The Buddhist traditions themselves have always held that Asaṅga received the "Maitreya" texts from the bodhisattva Maitreya directly. Asaṅga is said to have spent many years in intense meditation, during which time tradition says that he often visited Tuṣita to receive teachings from the Maitreya. Heavens such as Tuṣita are said to be accessible through meditation. Xuanzang tells the account of these events:[10]

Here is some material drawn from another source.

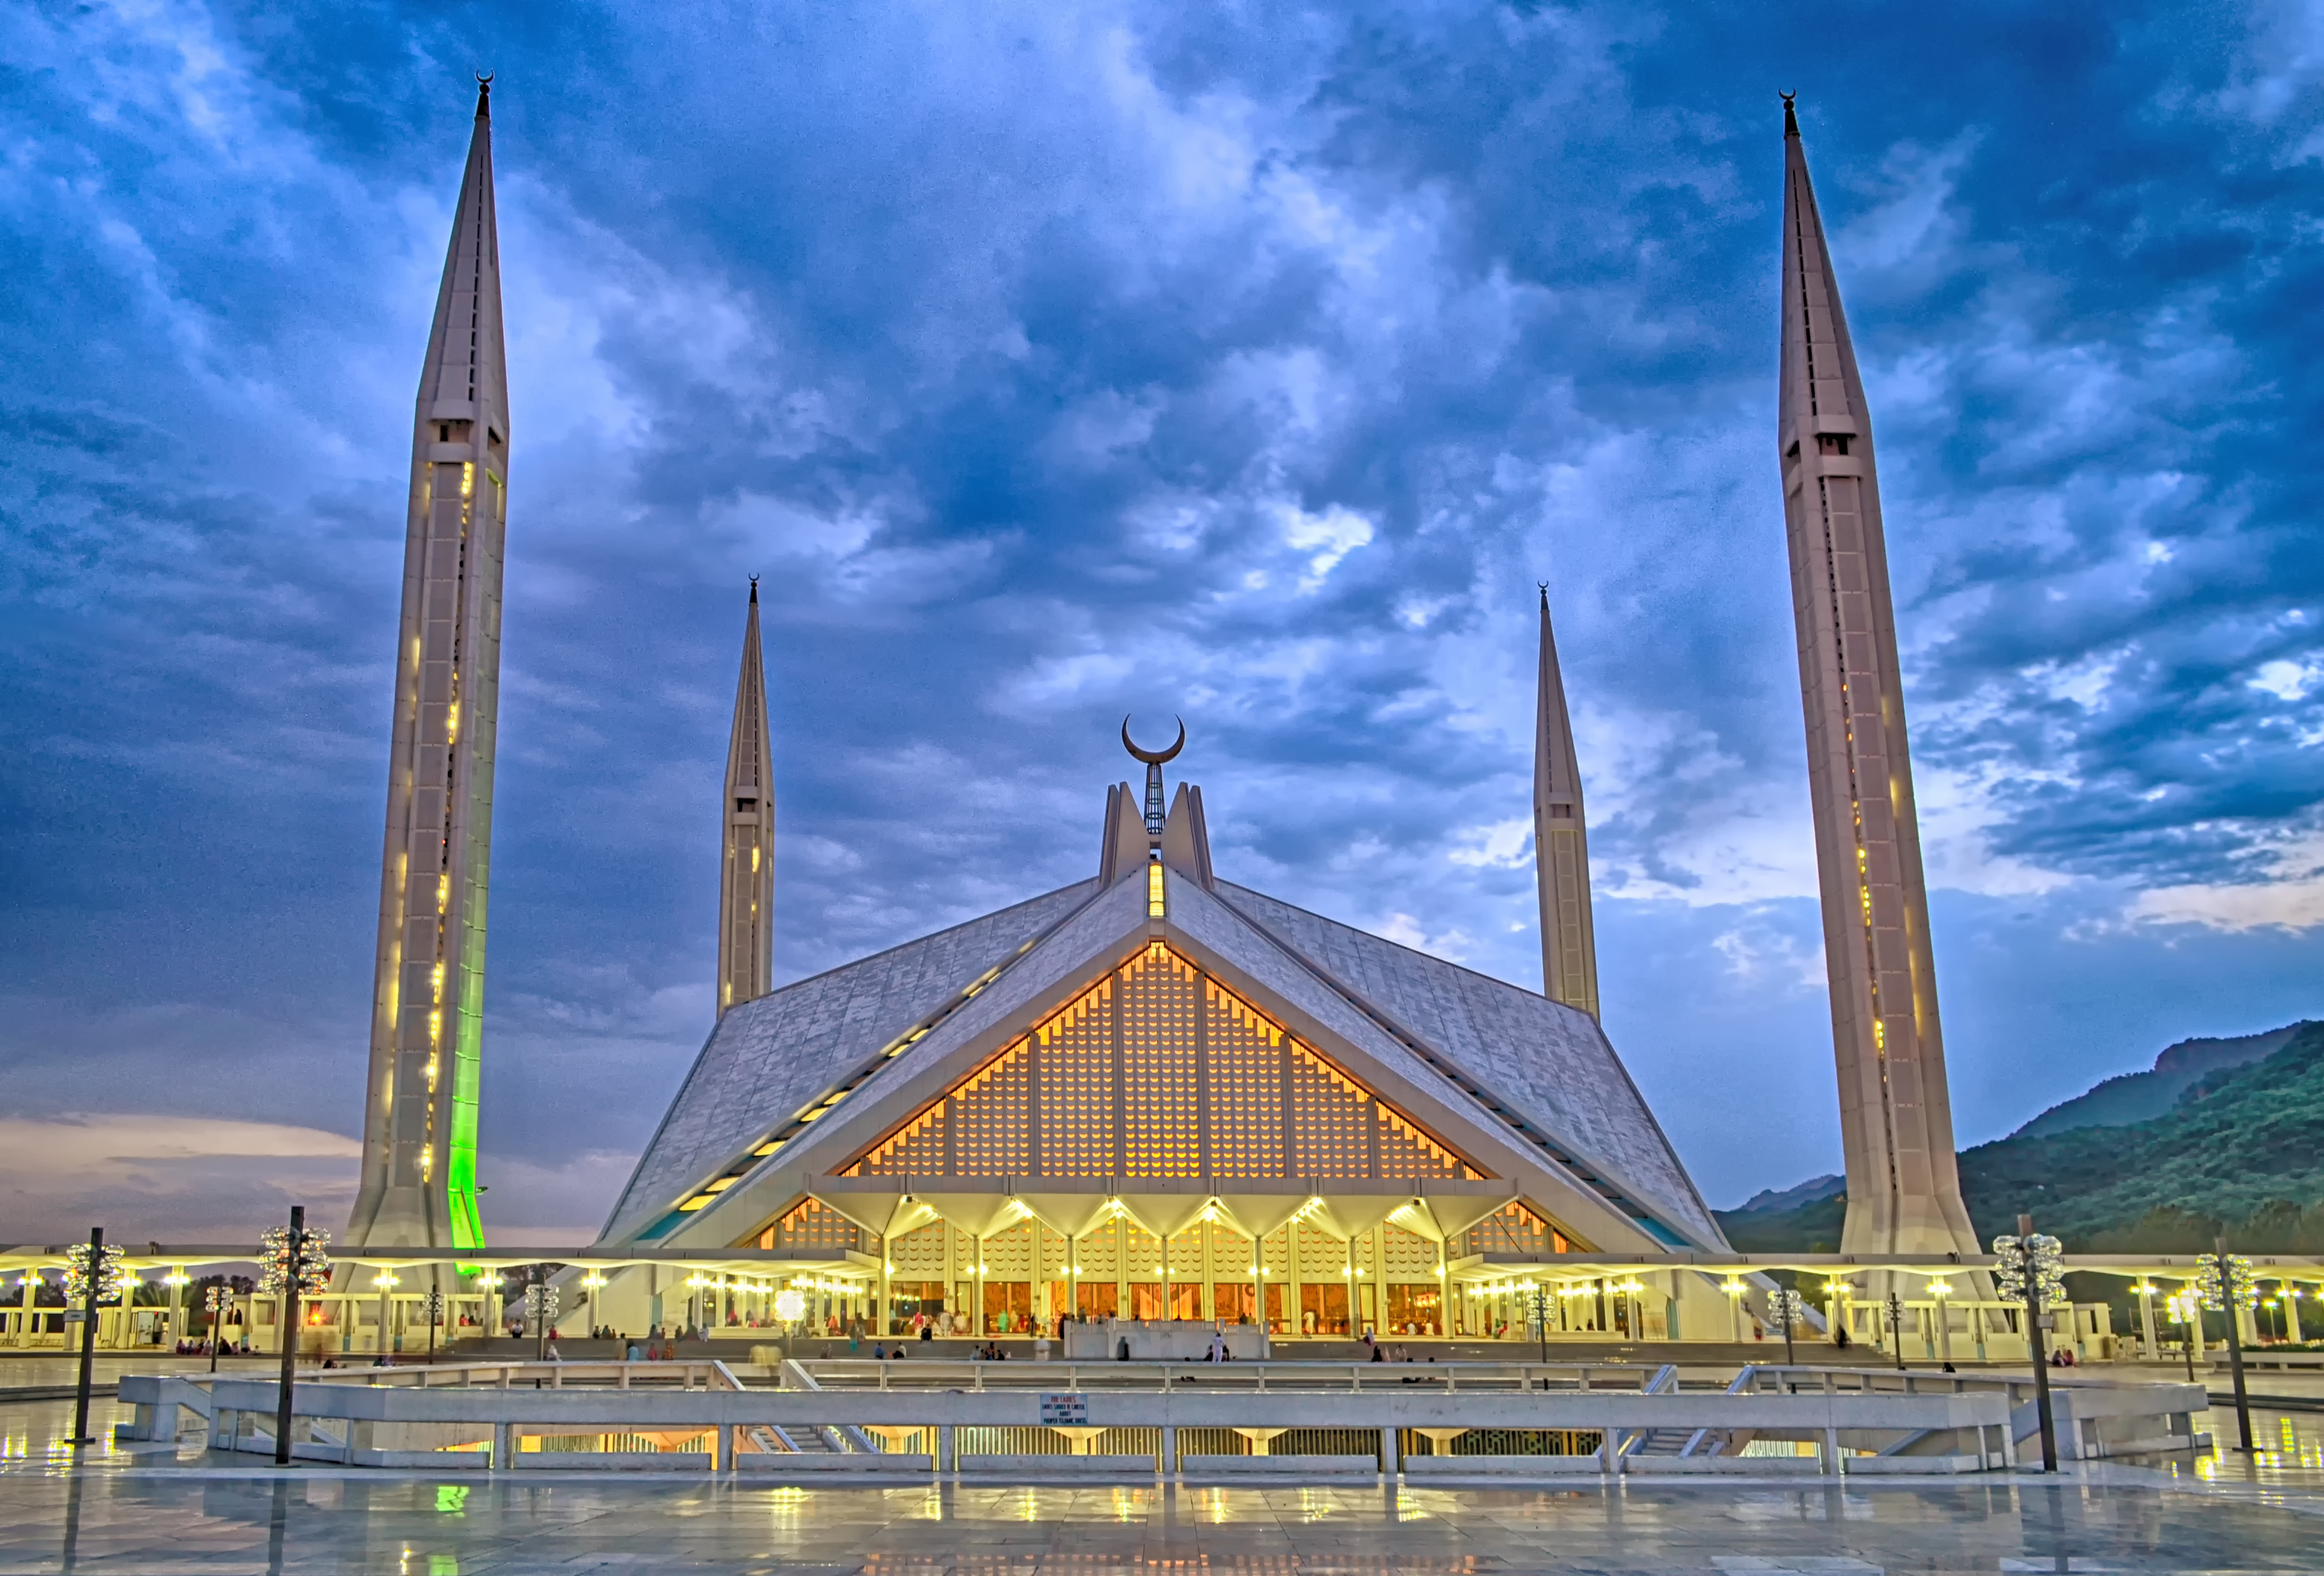 faisal mosque in islamabad, pakistan: faisal mosque   wikipedia
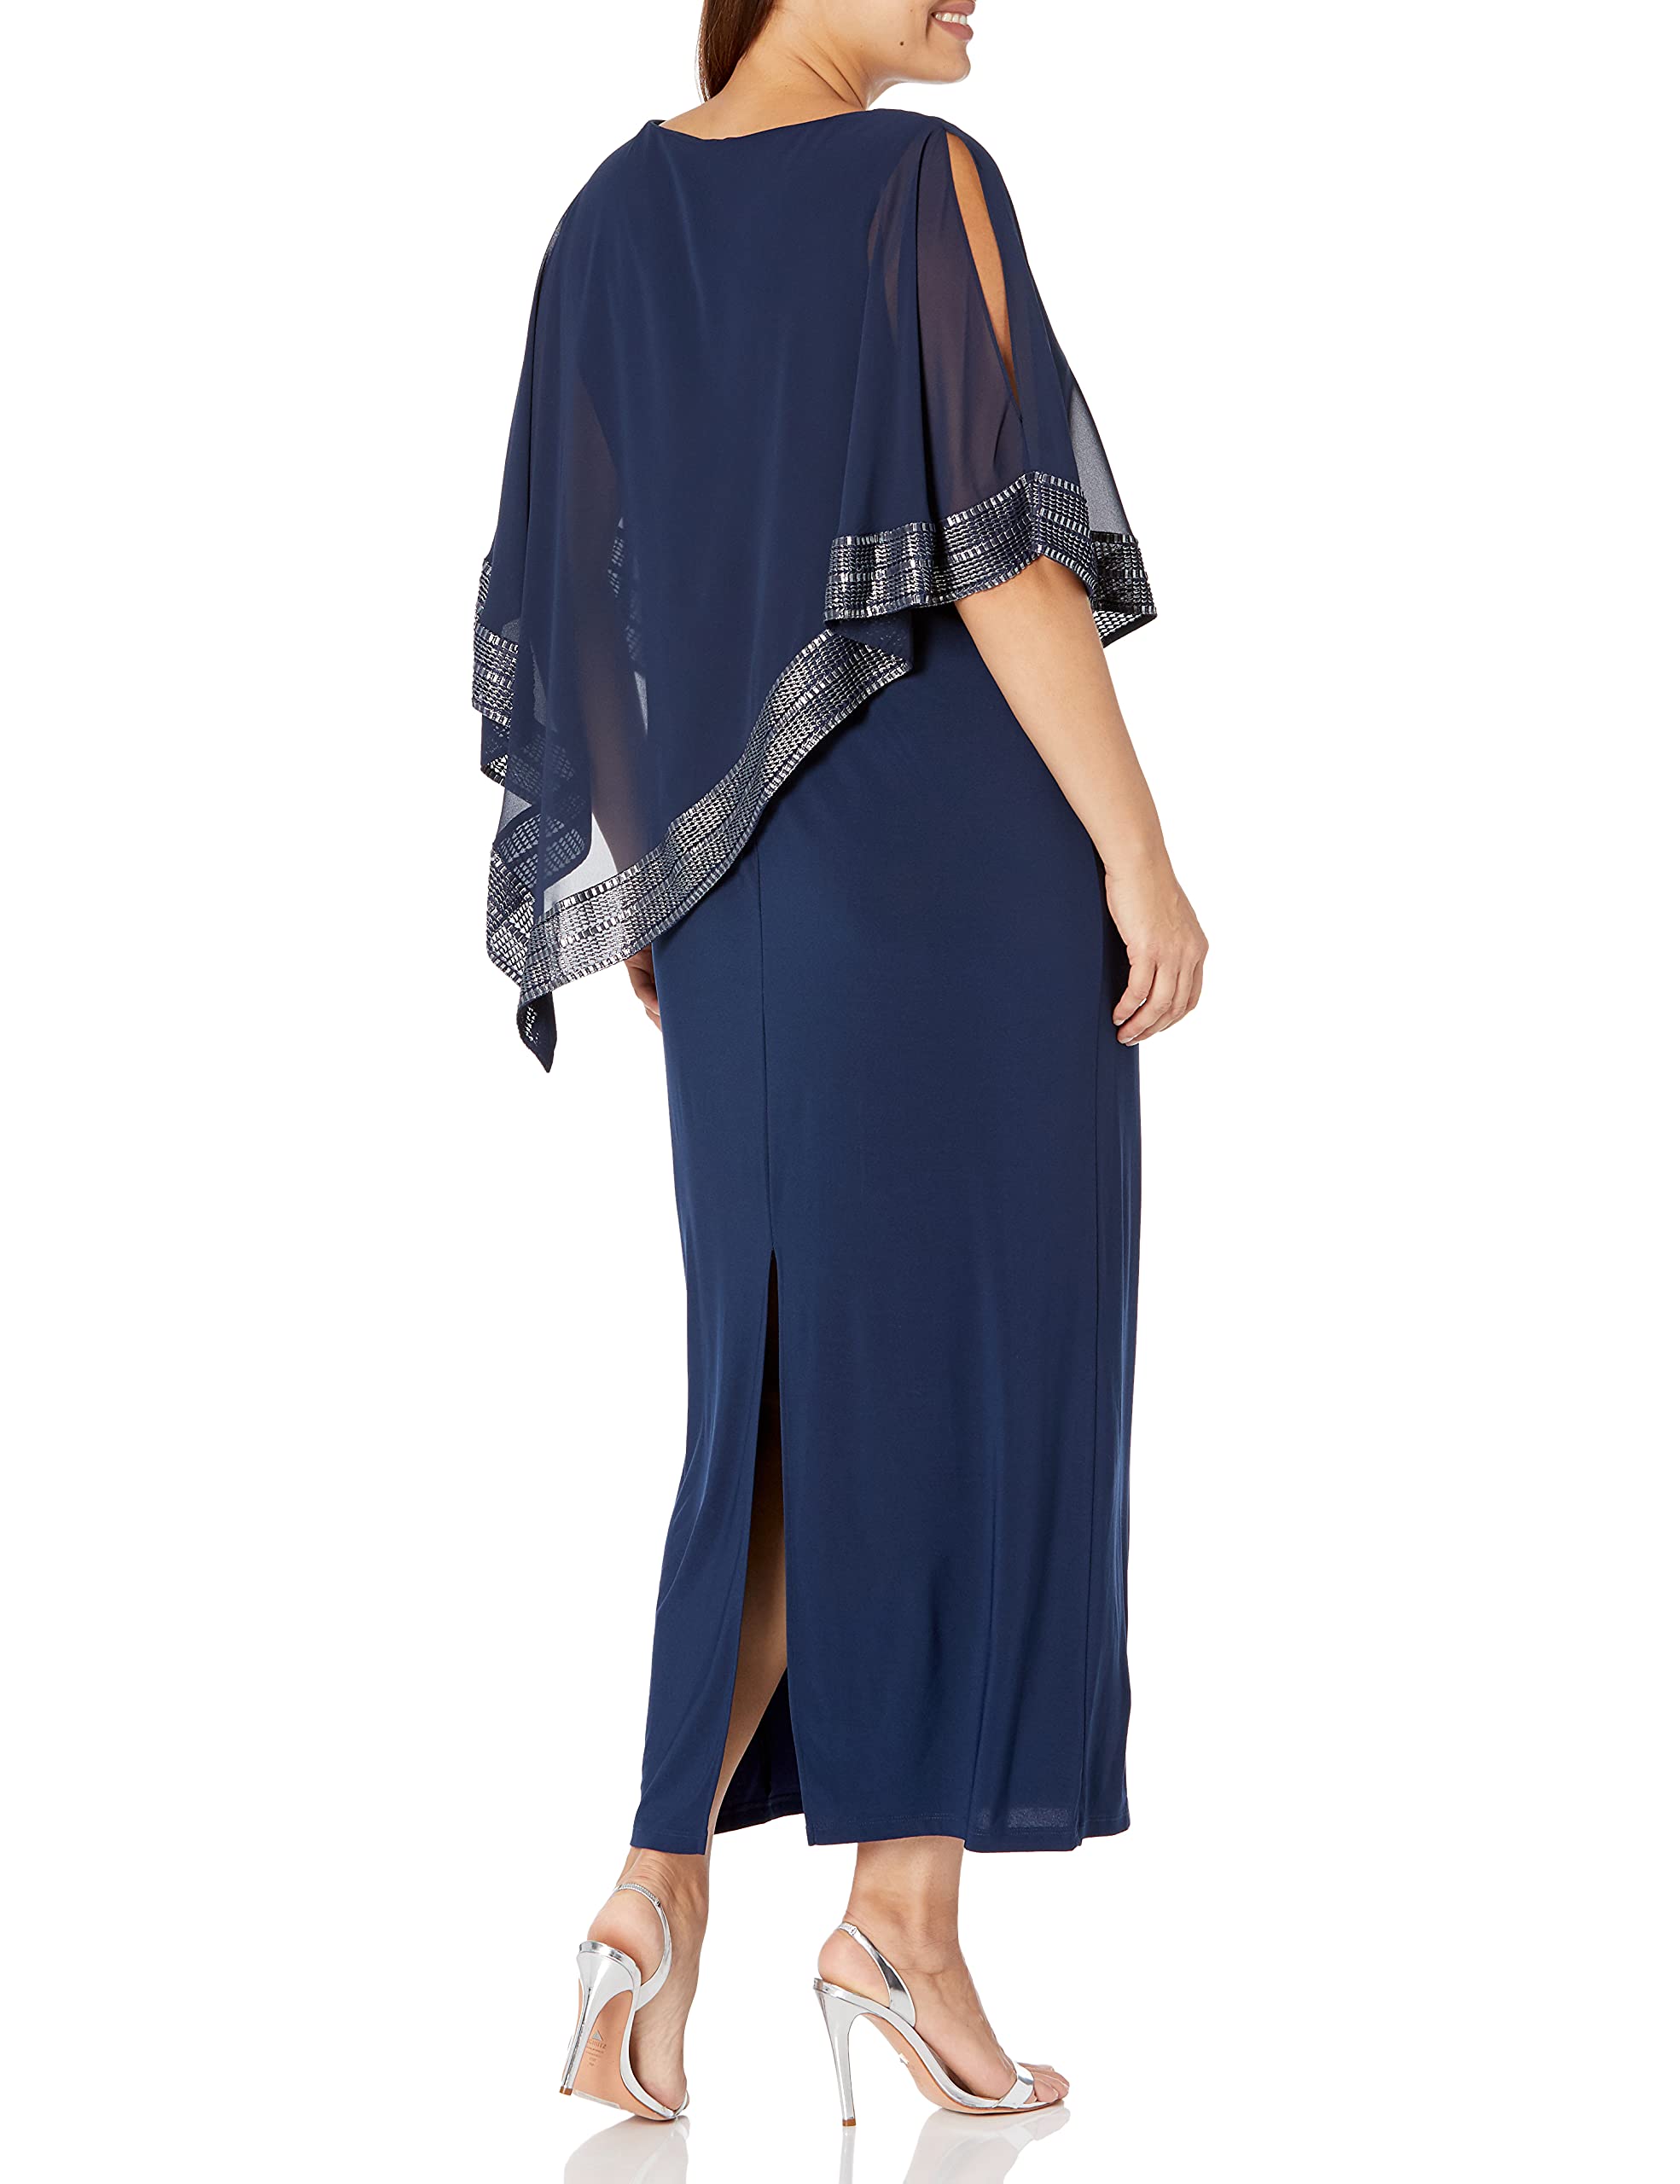 S.L. Fashions Women's Plus Size Long Cold Shoulder Capelet Dress with Metallic Trim

In the great mango grove five or six li to the southwest of the city (Ayodhyā), there is an old monastery where Asaṅga Bodhisattva received instructions and guided the common people. At night he went up to the place of Maitreya Bodhisattva in Tuṣita Heaven to learn the Yogācārabhūmi-śāstra, the Mahāyāna-sūtra-alaṃkāra-śāstra, the Madhyānta-vibhāga-śāstra, etc.; in the daytime, he lectured on the marvelous principles to a great audience.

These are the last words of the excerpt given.